What We Know About China's 19th Party Congress And The Possible Economic Fallout

What We Know About China's 19th Party Congress And The Possible Economic Fallout

On October 18, China will hold its 19th National Party Congress, which will provide broad indications for economic policy in the coming years. While it has been projected that there will be significant changes among the top party members, President Xi is widely expected to be reappointed, and he will likely follow a similar reform trajectory, focusing on mixed ownership reform for state-owned enterprises and less orientation toward the market. Xi's record so far can provide some understanding of what economic policy will look like in the next five years.

The meeting ahead

The meeting this month will also determine the structure of China’s top leadership. A number of officials in the Politburo and Politburo Standing Committee may retire based on age restrictions, unless these restrictions are waived. The party congress will also signal whether Xi Jinping can be expected to extend his time in office past 2022. The world will be watching to find out if he allows a successor from a rival party to join the Standing Committee, as did Jiang Zemin and Hu Jintao, or whether only a less experienced Xi loyalist will be promoted. The latter would indicate that Xi may be headed for a third term in office.

Although specific economic policies are not laid out at the October meeting, who ascends to power and what is stated officially at this meeting sets a strong tone for the Third Plenary Session of the 19th CPC Central Committee in the fall of 2018, which will itself set forth an economic agenda for the next five years. Because it is all but guaranteed that Xi Jinping will remain in power and grow in stature after this congress, we can examine his preferred economic policies in recent years and predict what policy will look like.

The next five years

China’s current blend of state and market capitalism appears poised to become further ingrained in the economy.

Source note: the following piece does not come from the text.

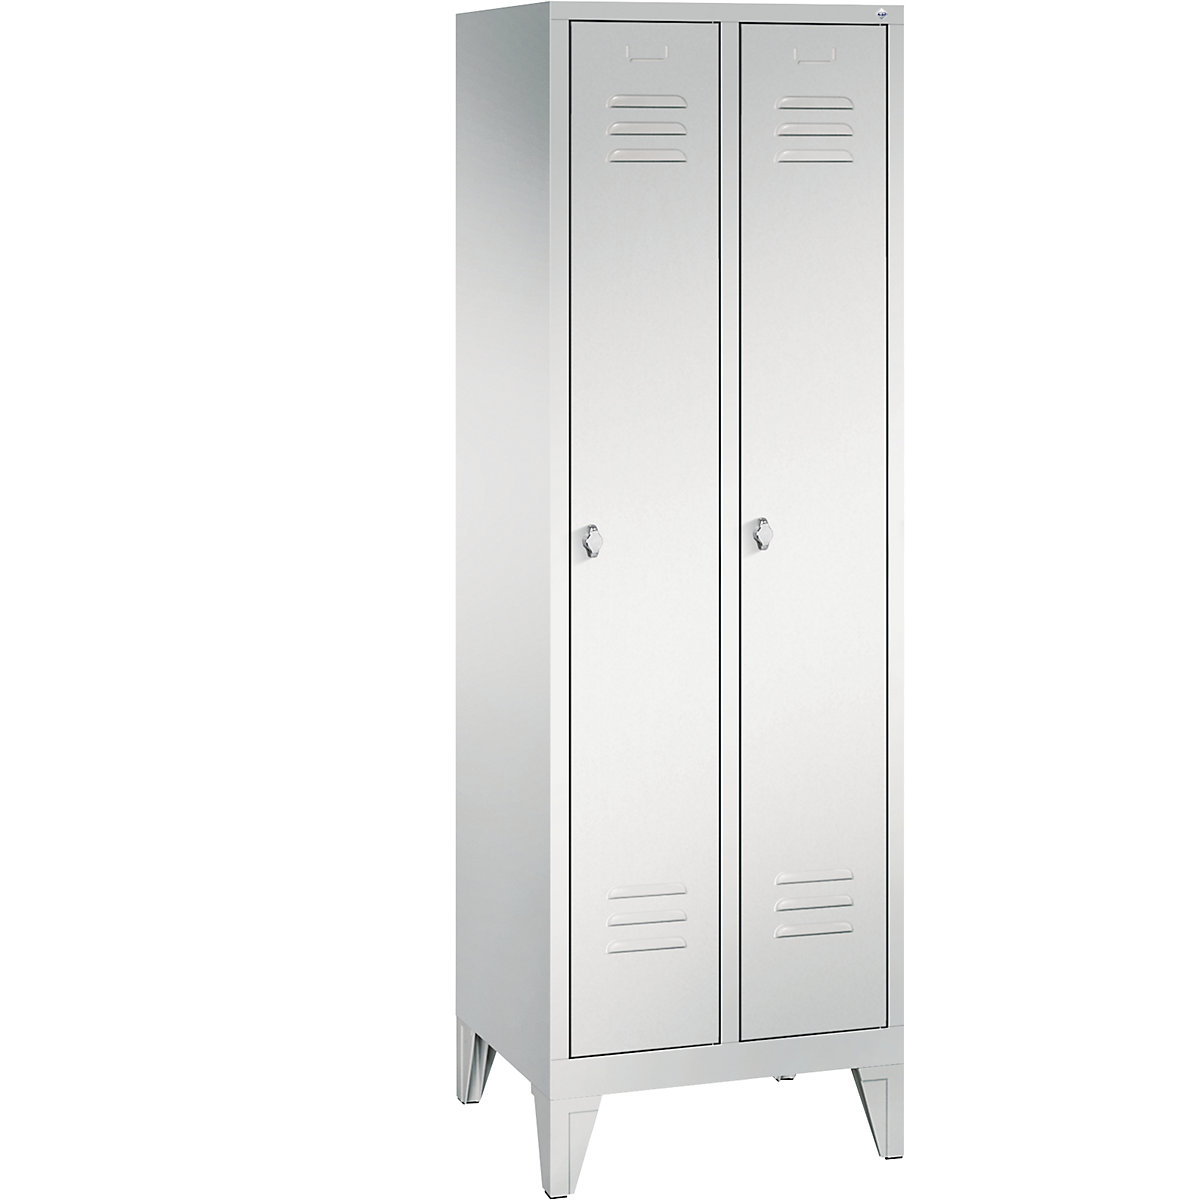 CLASSIC storage cupboard with feet – C+P, 2 compartments, compartment width 300 mm, light grey-5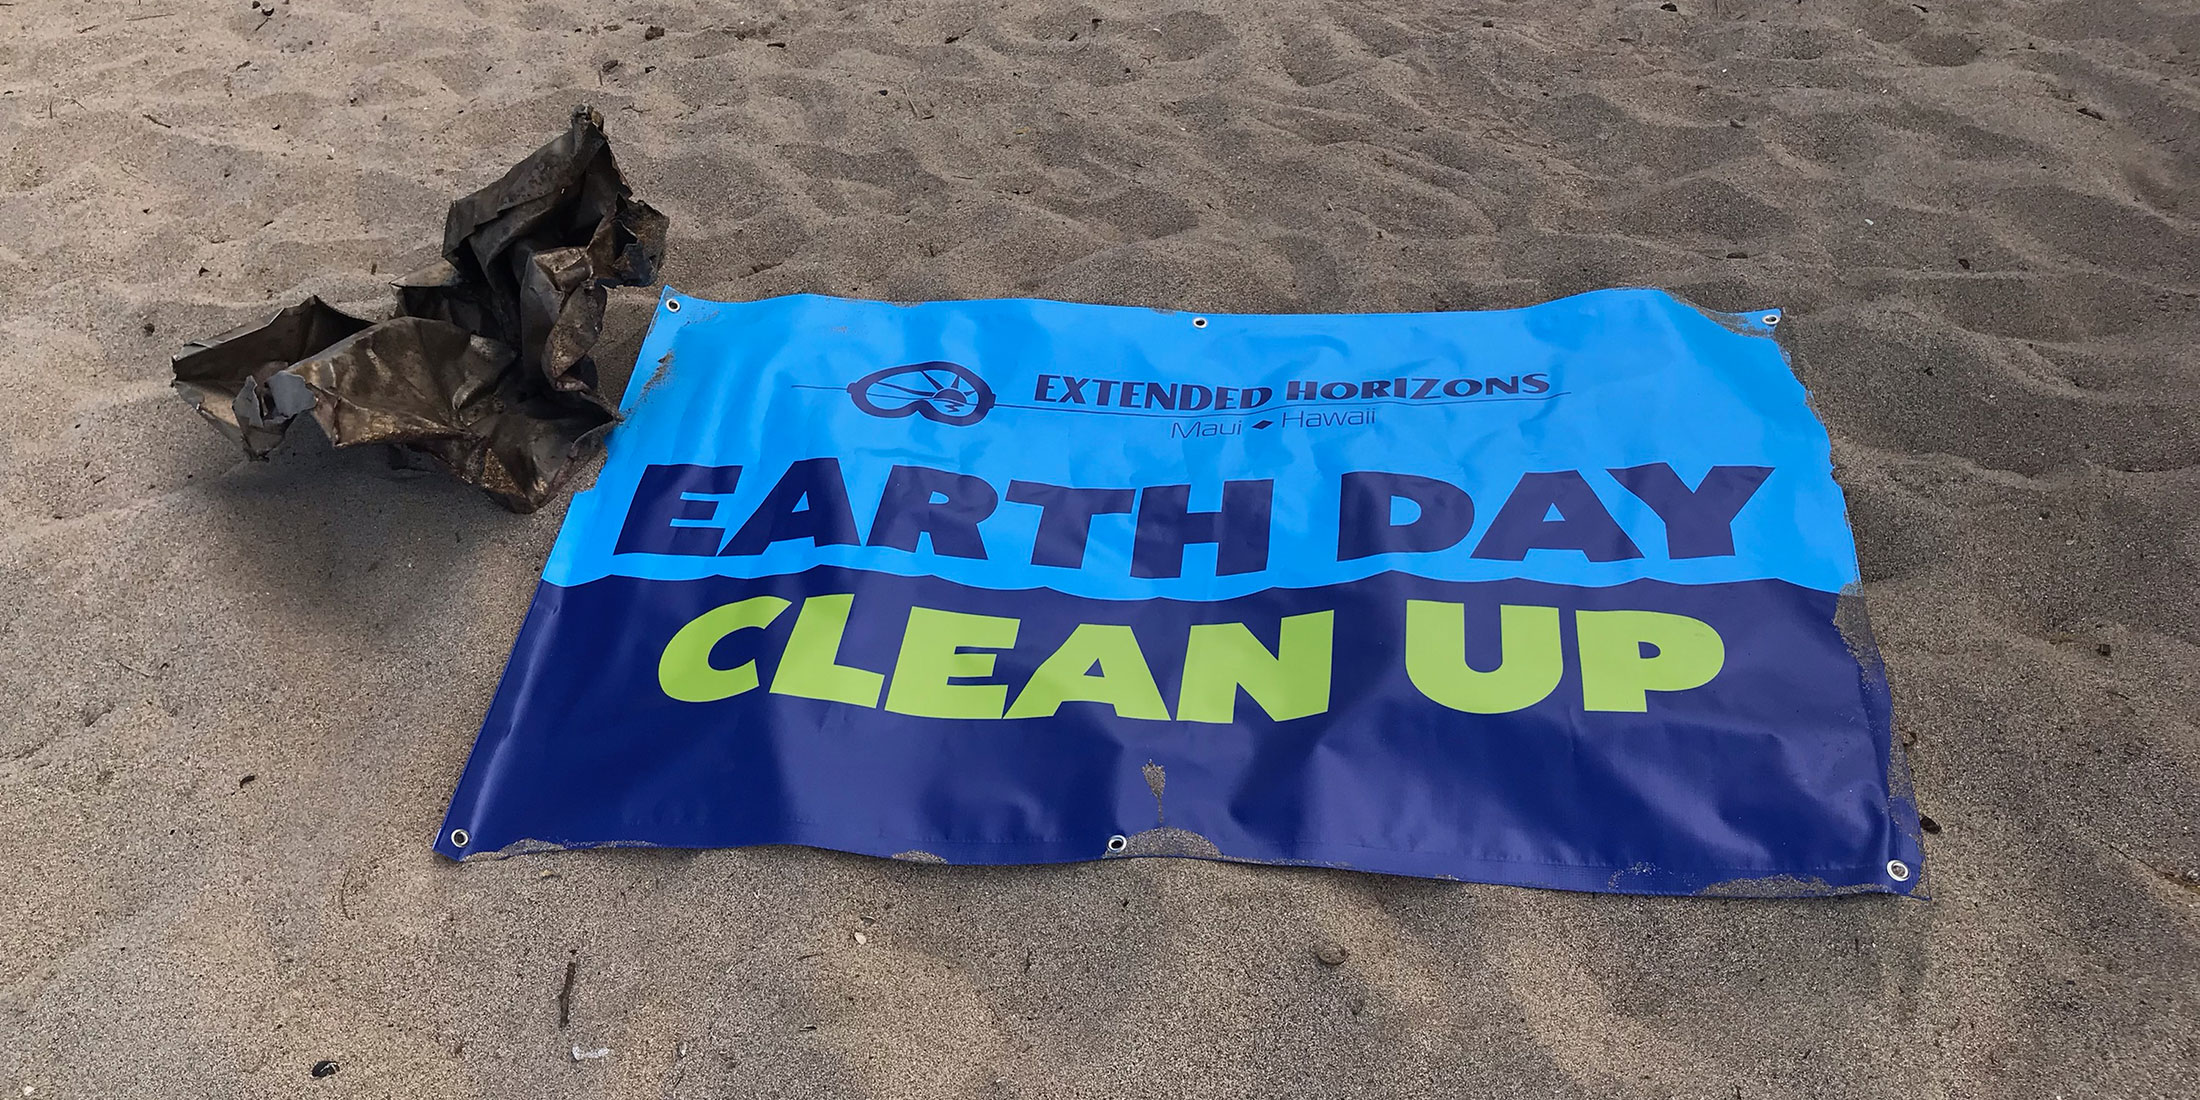 EARTH DAY EVENTS Lanai Divers

Over the past five years under Xi Jinping, sweeping economic and financial reforms have taken a backseat to the preservation of economic stability. The state has taken a heavy hand in financial markets, bailing out the stock market in the summer of 2015 when the stock bubble burst, and backtracking on exchange rate liberalization by reducing the role of market forces in that area. Reforms have also been slow in the services sector, and the level of state control has remained high.

The reform focus under President Xi has been on mixed ownership reform of state owned enterprises (SOEs). 2017 was supposed to be a year dedicated to implementing mixed ownership reform at the local level, carried out using pilot cases. The process maintains state control over SOEs while locating additional sources of funding for these enterprises. Similarly and more generally, Party control of enterprises is likely to be reinforced as it has been in recent years.